Mr. Beebe has 40 years of professional engineering experience in many facets of power plant design, construction, licensing, operation, and electric utility planning and management. A Registered Mechanical Engineer in the State of California, he received his degree from the University of California, Berkeley in 1967.
Fall 2007
Go Green! Global Warming Awareness
Monday, August 27 at 12PM in HSU's Goodwin Forum
Allison Rogers spent her undergraduate years at Harvard digging through trash, greening her campus, and finding creative ways to interest her peers in environmental issues. She was the Harvard Resource Efficiency Program Co-Captain, co-organizer for the 2004 Climate Campaign Conference, a delegate to the United Nations 13th session of the Commission on Sustainable Development and a National Wildlife Federation Campus Ecology Fellow. After graduating from Harvard in 2004, Allison received a two year Harvard University Management Fellowship to work at the Harvard Green Campus Initiative, where she coordinated the Green Living Programs for Harvard College, Law School, and Business School.
Desiring a way to reach out to new audiences, Allison decided to run for Miss Rhode Island with the platform “Go Green! Global Warming Awareness.” She gave a presentation on the issues of climate change based on training she received from former Vice President Al Gore. On April 22, 2006 (Earth Day!), Allison was crowned Miss Rhode Island 2006. In January, Allison won the “Quality of Life” award in the 2007 Miss America Competition. She continues to promote global warming awareness as she pursues her M.Ed. at Harvard. Her focus is on environmental sustainability education and institutional change. Recently, Allison was selected to be part of the “Greening of the Capitol” Team in the new Sustainability Office for the US House of Representatives.
California Climate Protocols and Politics- Through the Lens of Forest Carbon
October 4
Andrea Tuttle is former Director of the California Department of Forestry and Fire Protection (CDF) and currently represents the forest sector on ETAAC, the "Economic and Technology Advancement Advisory Committee" for AB 32, the California Global Warming Solutions Act of 2006.
October 25
Jennifer Allen
Postponed
Hydrogen in a Renewable Energy Future
November 1
Peter Lehman is Director of the Schatz Energy Research Center and a professor of Environmental Resources Engineering at Humboldt State University in Arcata, CA. Dr. Lehman received a B.S. in chemistry from the Massachusetts Institute of Technology and a Ph.D. in physical chemistry from the University of Chicago. He then served as a postdoctoral fellow at the University of California, Berkeley where he conducted research on the aerochemistry of photochemical air pollution. Before coming to HSU, he has been a member of the faculties of Sacramento State University, California State University, Northridge, and Deep Springs College. While at HSU, Dr. Lehman has served as chair of the Environmental Resources Engineering Department, co-chair of the International Technology Development masters program, and faculty advisor to the Campus Center for Appropriate Technology.
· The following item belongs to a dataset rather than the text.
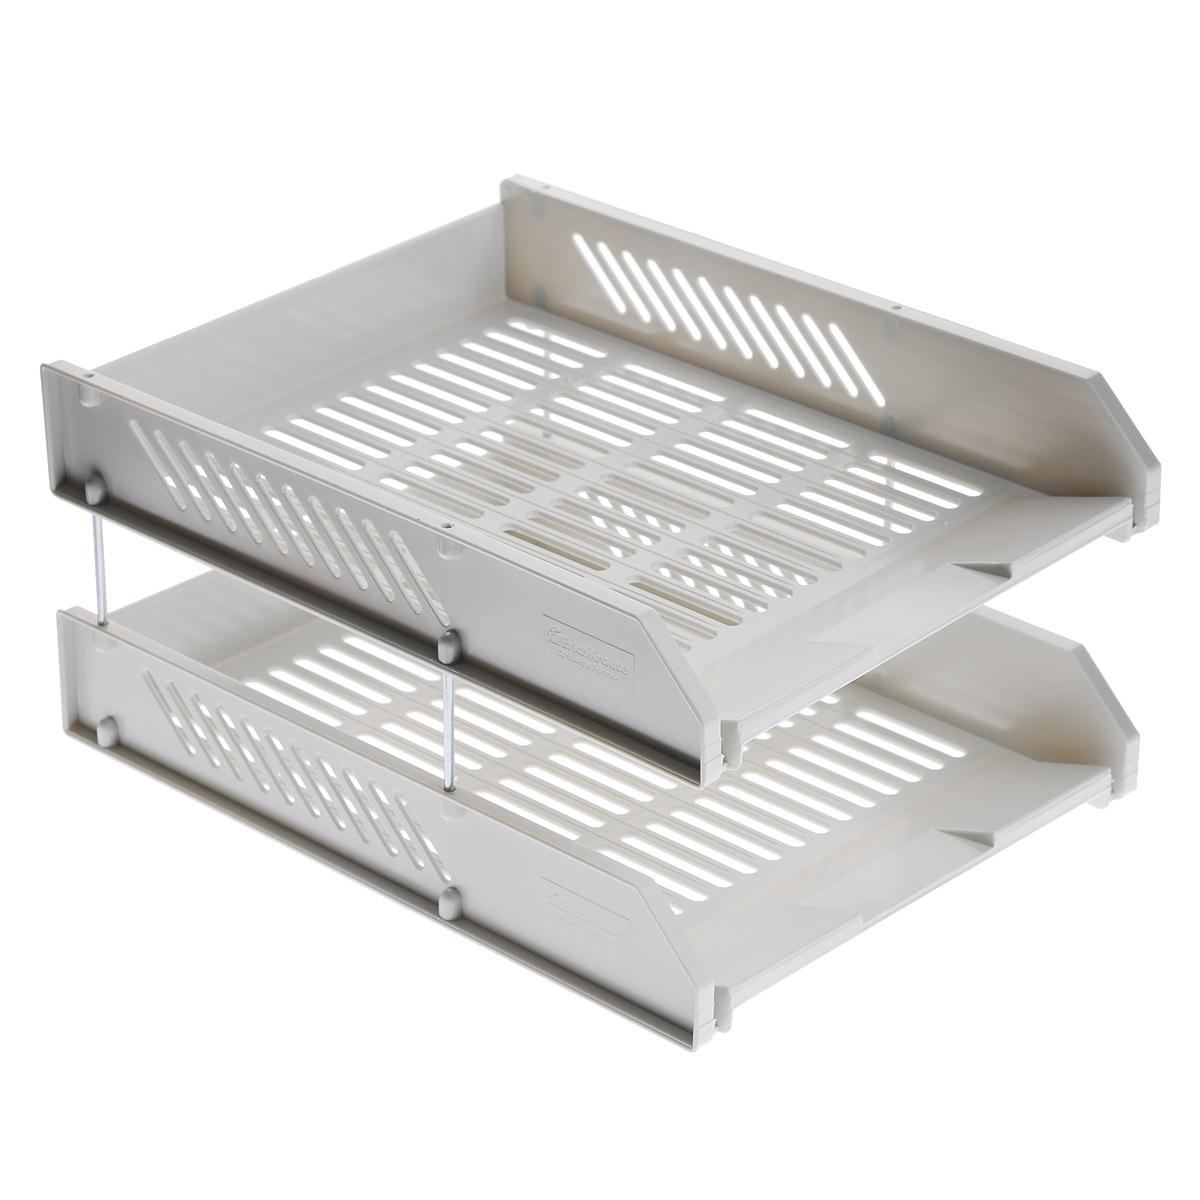 Набор горизонтальных лотков для бумаги Erich Krause, цвет: серый, 2 шт4613Сетчатый горизонтальные лотки для бумаги Erich Krause предназначены для хранения документов, рабочих бумаг, журналов и каталогов. Набор включает 2 лотка из высококачественного серого пластика. Лотки устанавливаются друг на друга и скрепляются посредством металлических стержней со съемными пластиковыми наконечниками.Горизонтальные лотки для бумаги Erich Krause помогут удобно организовать пространство в вашем офисе. Характеристики:Материал: металл, пластик. Размер лотка: 34 см x 26 см x 6 см. Длина стержня: 7 см. Бренд Erich Krause - это полный ассортимент канцтоваров для офиса и школы, который гарантирует безукоризненное исполнение разных задач в процессе работы или учебы, органично и естественно сопровождает вас день за днем. Для миллионов покупателей во всем мире продукция Erich Krause стала верным и надежным союзником в реализации любых проектов и самых амбициозных планов. Высококвалифицированные специалисты Erich Krause прилагают все свои усилия, что бы каждый продукт компании прослужил максимально долго и неизменно радовал покупателей удобством и легкостью использования, надежностью в эксплуатации и прекрасным дизайном.

His research interests include renewable energy systems, especially solar thermal and photovoltaic technologies.
Rethinking the Population Problem: The Terror of False Assumptions
November 15
Betsy Hartmann
Postponed
Spring 2007
Thursday, February 1
Beyond Environmentalism: Creating a Politics Capable of Dealing with Global Warming and Other
Ecological Crises
Michael Shellenberger
HSU Science B room 133, 7:00PM
Michael Shellenberger is a prominent environmental and political strategist, the managing partner of American Environics, and
co-director of the Breakthrough Institute. In 2004, he co-authored an essay called, “The Death of Environmentalism” that sparked a heated national debate over the future of environmentalism and progressive politics. Michael holds a Masters Degree in Anthropology
from the University of California and speaks Spanish and Portuguese.
Thursday, February 8
The Race for 21st Century Fuels
Alex Farrell
HSU Science B room 133, 5:30PM
Over the 20th century, petroleum provided most transportation energy, but several trends suggest this will not be the case in the 21st
century, including scarcity, security, and environment. Thus, a race is currently on for new fuels for the 21st century. This talk will
discuss the concerns that motivate this race, the competitors, and some thoughts about possible winners.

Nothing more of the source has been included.